The Hefty Energy Bag Program could maybe one day make your brewing business green by collecting your nonrecycled plastics in orange bags and actually doing something with them other than heading to the landfill. Jeff Wooster, global sustainability director at Dow Chemical, presented the program at Pack Expo Las Vegas 2017 to a full house (which, on the educational stages, really means around 50 or 60 people, but I saw plenty of sessions with fewer than 10 people, so those were good numbers).
The basic idea is that you fill a bright orange bag with plastics that usually can’t be recycled, then put it in the bin with the rest of your recycling. Your municipality picks it up, then a separate service collects all the Energy Bags from a distribution center and carts them to any of a handful of possible plants where they can become new plastics or converted into forms of energy — hence “Energy” Bag. Watch the video above.

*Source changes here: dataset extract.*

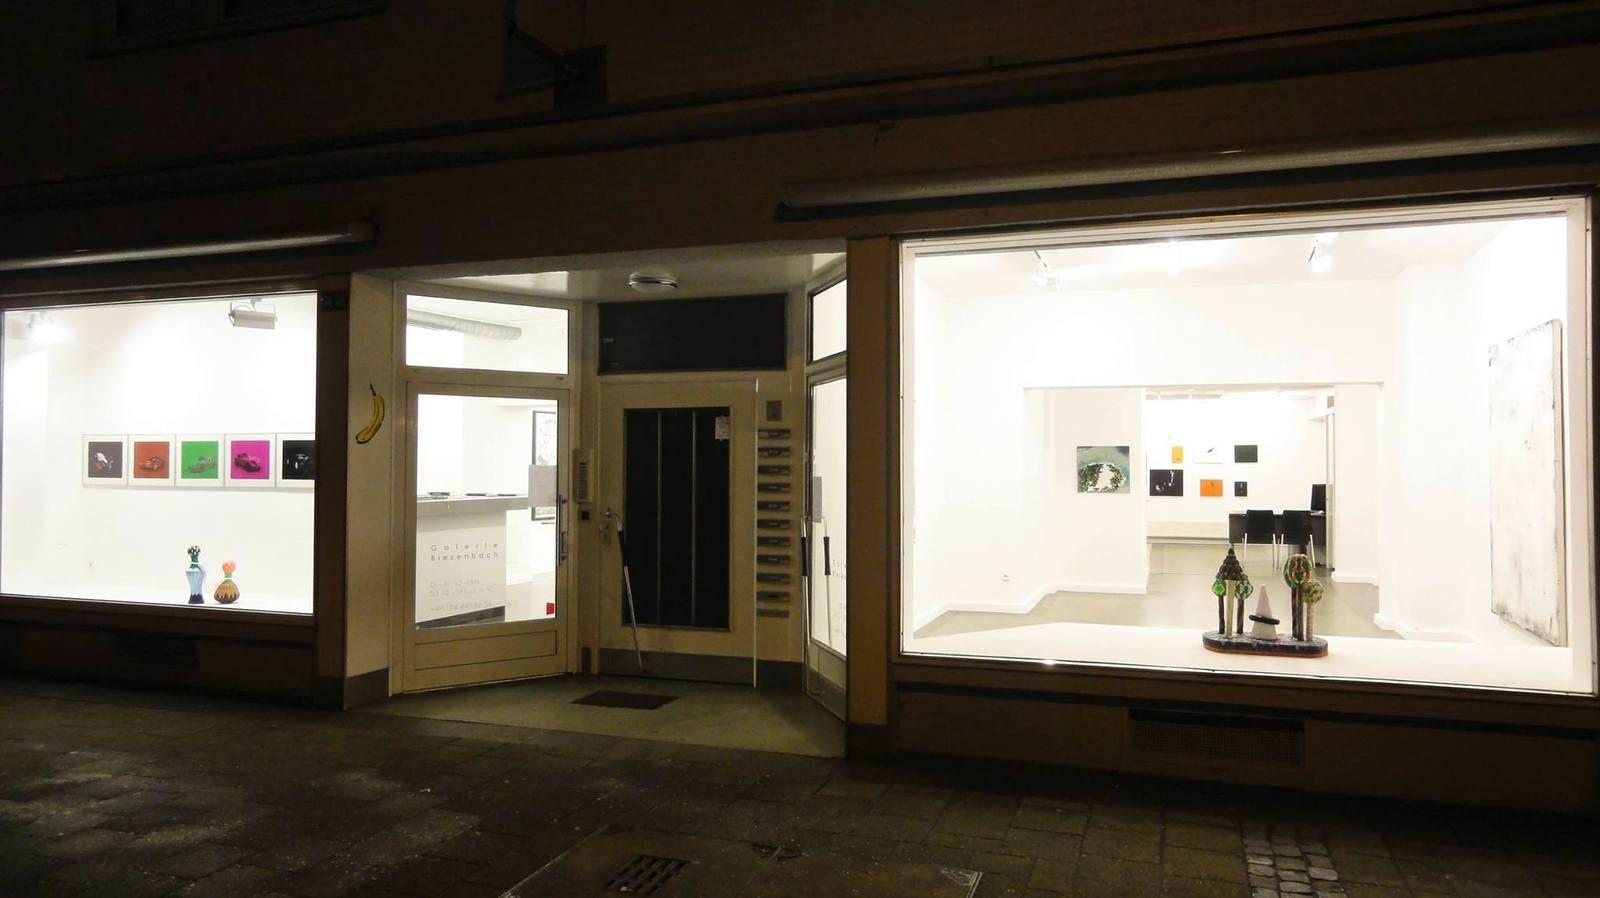 NATURE - ChangesFiveX Part Two - Vues d'expo - Galerie Biesenbach, Cologne (Allemagne)

They ran a pilot program in Citrus Heights, Calif, in 2014, which was successful enough that they were able to launch a permanent program for single-family homes in Omaha, Neb. Success depends a lot on their consumer education strategy, which leads with the slogan, “If you don’t bin it, bag it” (which I think is pretty good). As with your regular recycling, there was concern over contaminants, but in the trial they had contaminant levels that were as low or even lower than regular recycling.
We’re some ways away from this being available to homes in large urban centers, much less your small business, but if you’re looking to be optimally eco-friendly or even zero-waste, this is the kind of program that may one day get you there.